According to one survey by Pew Research Center’s American Trends, even millennials aren’t too keen on millennials. Many don’t want to be identified as such, with 60% not considering themselves to be part of the ‘millennial generation’. But, poor lambs, is it just that the rest of us don’t understand them?

Well, it could be because, according to the World Economic Forum, many companies now employ a ‘millennial generational expert’ to “understand the values and expectations of their youngest employees, and how to engage with them”.
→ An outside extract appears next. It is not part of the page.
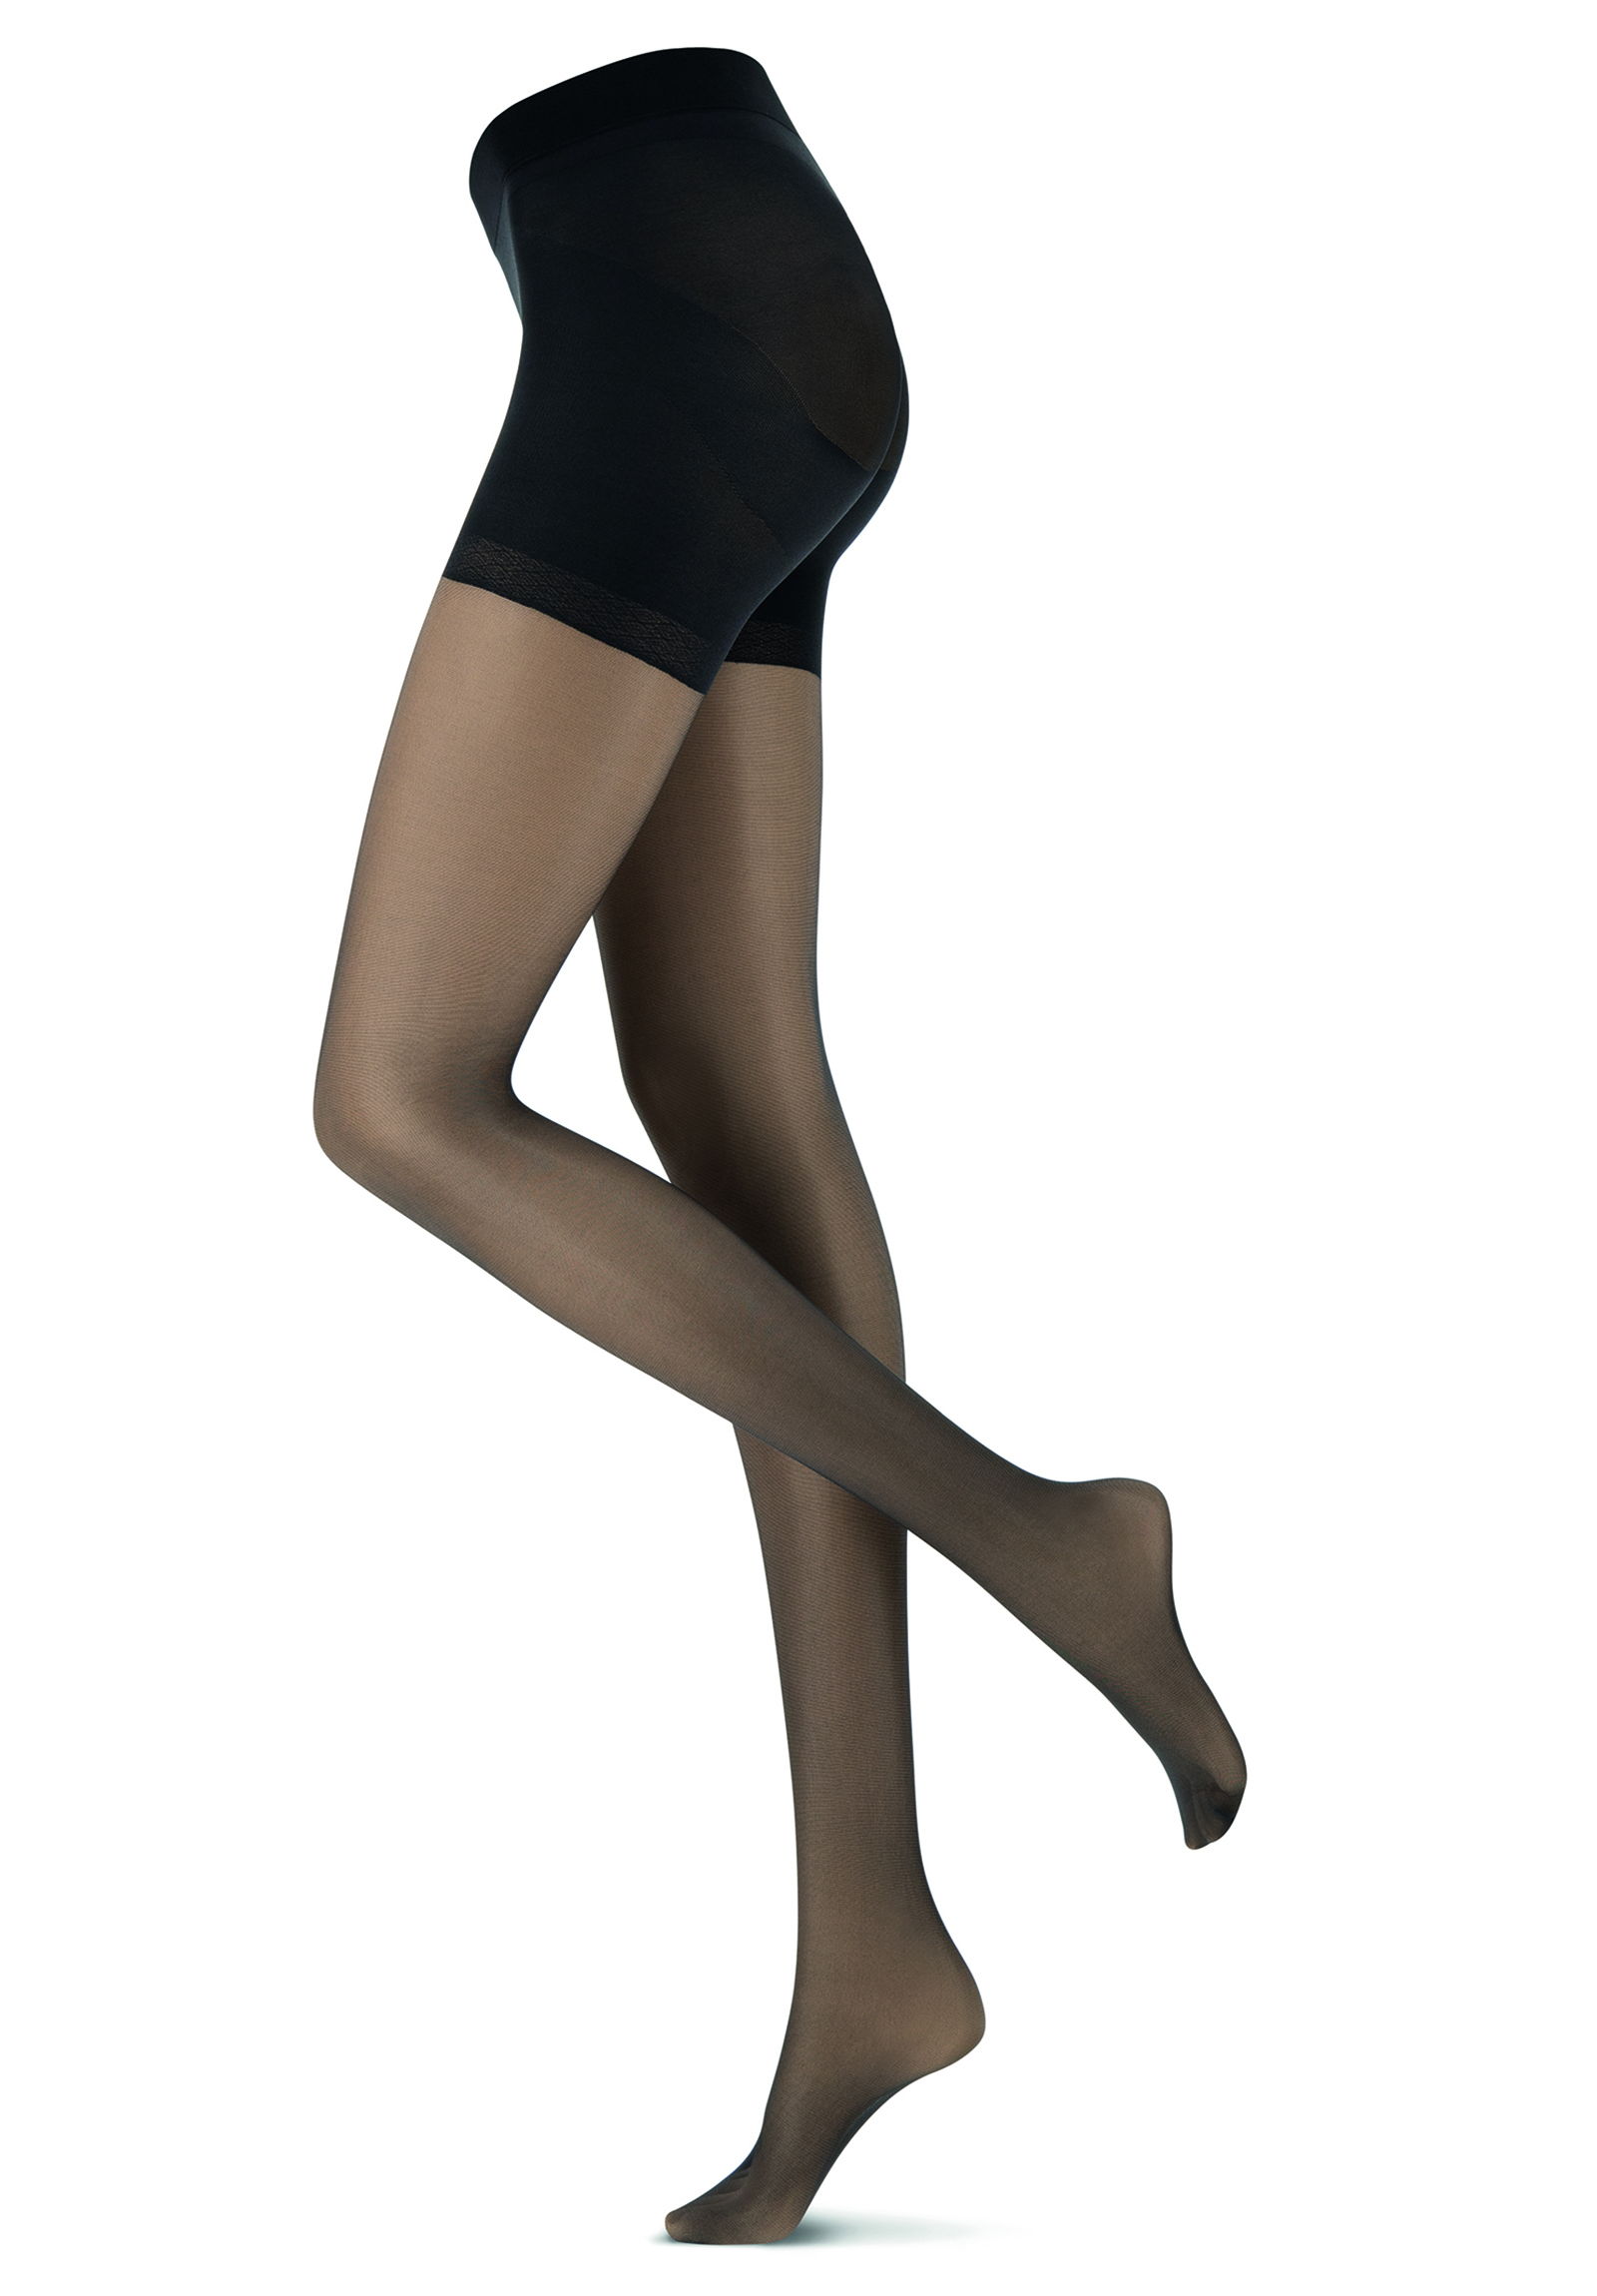 Oroblu Shock Up Light 20 tights, black, large

It’s enough to make a boomer drop his bacon sandwich. An actual person dedicated to listening to the whining of the entitled generation to make sure they have their mashed avocado on bruschetta when they need it? Maybe the poor babies should also have their own mixologist who can create a healthy green juice every morning to stop them throwing a tantrum and refusing to work.

“If they stopped wasting their money on take-away coffees and holidays every couple of months, they could afford more,” complain the boomers who spent their youth enjoying free tertiary education, low house prices, payments into final salary schemes, the certainty of free healthcare and largely stable families.

Of course, the older generation has always seen it as their right to whinge. Really, they’re mainly angry at being old and are looking for someone to blame. But it’s harder to care when you know that the over 50s own 80% of the wealth in this country, a fact even more embittering to millennials when you consider that today’s youth are the largest cohort since the lump of baby boomers. So that 20% is spread even more thinly than it might otherwise be.

It’s true that medical and care costs have rocketed faster than that of the gadgets and avocados so beloved of the yoot (that, by the way, is the new down-with the- kids word for youth that I’m using just to prove that I am down with said kids, bro’). But had the young boomers been willing to put more of their money away for the future, instead of doggedly assuming the state would pay for their every need, past, present and future, they might have less reason to complain now.

So, on paper at least, in my view, the millennials have more cause to whinge than the boomers. So far, they have been done out of the things the boomers took for granted, such as property ownership, free university education and a government that didn’t make you want to throw things at the TV every day.

But ultimately, although they may not have much, what they do have trumps the boomers every time. They have technology, they have youth and, importantly, they have time – lots of it. Today’s millennials have a good 80 years ahead of them to build a life, a nest egg and who knows what else besides. Next to that, what can the boomers boast? Nothing but a more heartfelt whinge.